I thought the messages come from the lord and were revealed through the preacher?  I've always thought the message should go to where the spirit leads the preacher, so I'm not sure how or why anyone would have an issue with what was being preached unless they felt the messages were coming from man and not the Lord.   Anybody would get tired of hearing brimstone messages every week and also hearing a yall are so great message every week is just as bad. Another way to look at it is  a good father does not jump on his children every time he speaks to them but has to and needs to sometimes. A message does not have to be pat on the back or brimstone to be beneficial, sometimes the best messages are neither one.  Sorry if this sounds rude it's not meant to be.


----------



## Ronnie T (Jan 19, 2011)

1lineman said:


> I thought the messages come from the lord and were revealed through the preacher?  I've always thought the message should go to where the spirit leads the preacher, so I'm not sure how or why anyone would have an issue with what was being preached unless they felt the messages were coming from man and not the Lord.   Anybody would get tired of hearing brimstone messages every week and also hearing a yall are so great message every week is just as bad. Another way to look at it is  a good father does not jump on his children every time he speaks to them but has to and needs to sometimes. A message does not have to be pat on the back or brimstone to be beneficial, sometimes the best messages are neither one.  Sorry if this sounds rude it's not meant to be.

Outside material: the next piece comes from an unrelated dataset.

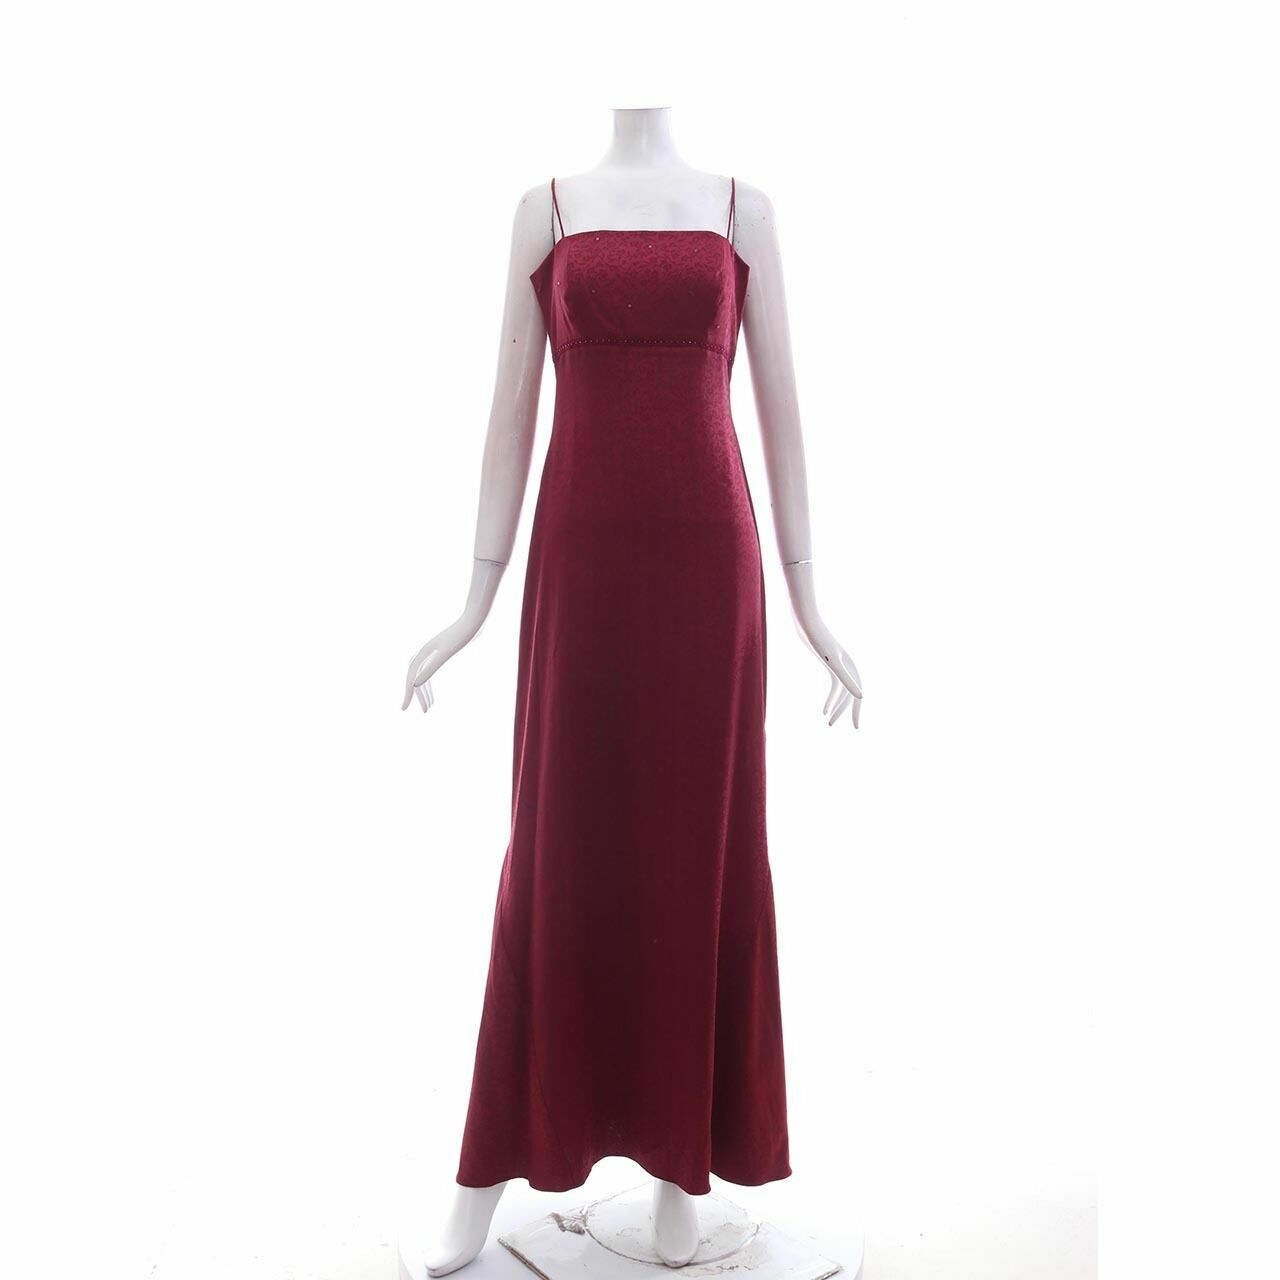 VOTUM By Sebastian & Cristina Maroon Long Dress

I don't thinks it's rude at all.  Matter of fact, I agree with you.
But most don't.  There's a sizable segment of the church that uses Sunday lunch as a time to critique the mornings sermon.

I began this thread because I've been studying Stephen's 'sermon'(if you'd call it a sermon) in Acts 7.  Of all the things Stephen could have said, God led him to speak powerfully and forcefully.  
I was thinking that I'm glad no one has ever threatened to take me out the back door and stone me.


----------



## christianhunter (Jan 20, 2011)

For me its about following the motions.Contrary to popular belief,the sermon does not always fall on the Preacher.An explanation of that would be.
1.The preacher is a man,capable of all things, as any other man.He still goes to the pulpit every Sunday to deliver The Message.Some Sunday's he is seemingly on fire for THE LORD.Then there are Sundays when he just passes through Scripture in a monotone type voice,and he is done.
2.Then there are the members of The Church.Some Sundays,everyones eyes are glued to the Pastor,you could hear a pin drop,Everyone is focused.Then there are the fidgity Sundays,people looking at their watch,looking around the Church,not really paying attention at all.

This all comes down to,IMO,the spirit of a man.Did we as a Church come to worship,or are we following the motions?
THE HOLY SPIRIT pricks the heart,and fills the heart.HE uses the Pastor,as HIS messenger.I have been lifted by both types of sermons in the OP.The Pastor is a man of GOD,HIS messenger.The very people who gather to critique,are the ones who need the message the most,and are not listening.I have my toes stepped on quite often,but I do have that warm feeling at the end."For GOD so loved the world,that HE gave HIS only begotten SON,that who so ever believes in HIM should not perish,but have everlasting life".


----------



## Ronnie T (Jan 20, 2011)

You're right Ch.
Every Preachers spends lots of time prayerfully preparing outlines and thinking and considering all the things that could be said concerning the subject scripture.
But it's absolutely shocking how a sermon can go in a totally different direction than the outline.
In my conversations with preachers I know that they have great concern with how their words will be taken.  And they welcome God taking over.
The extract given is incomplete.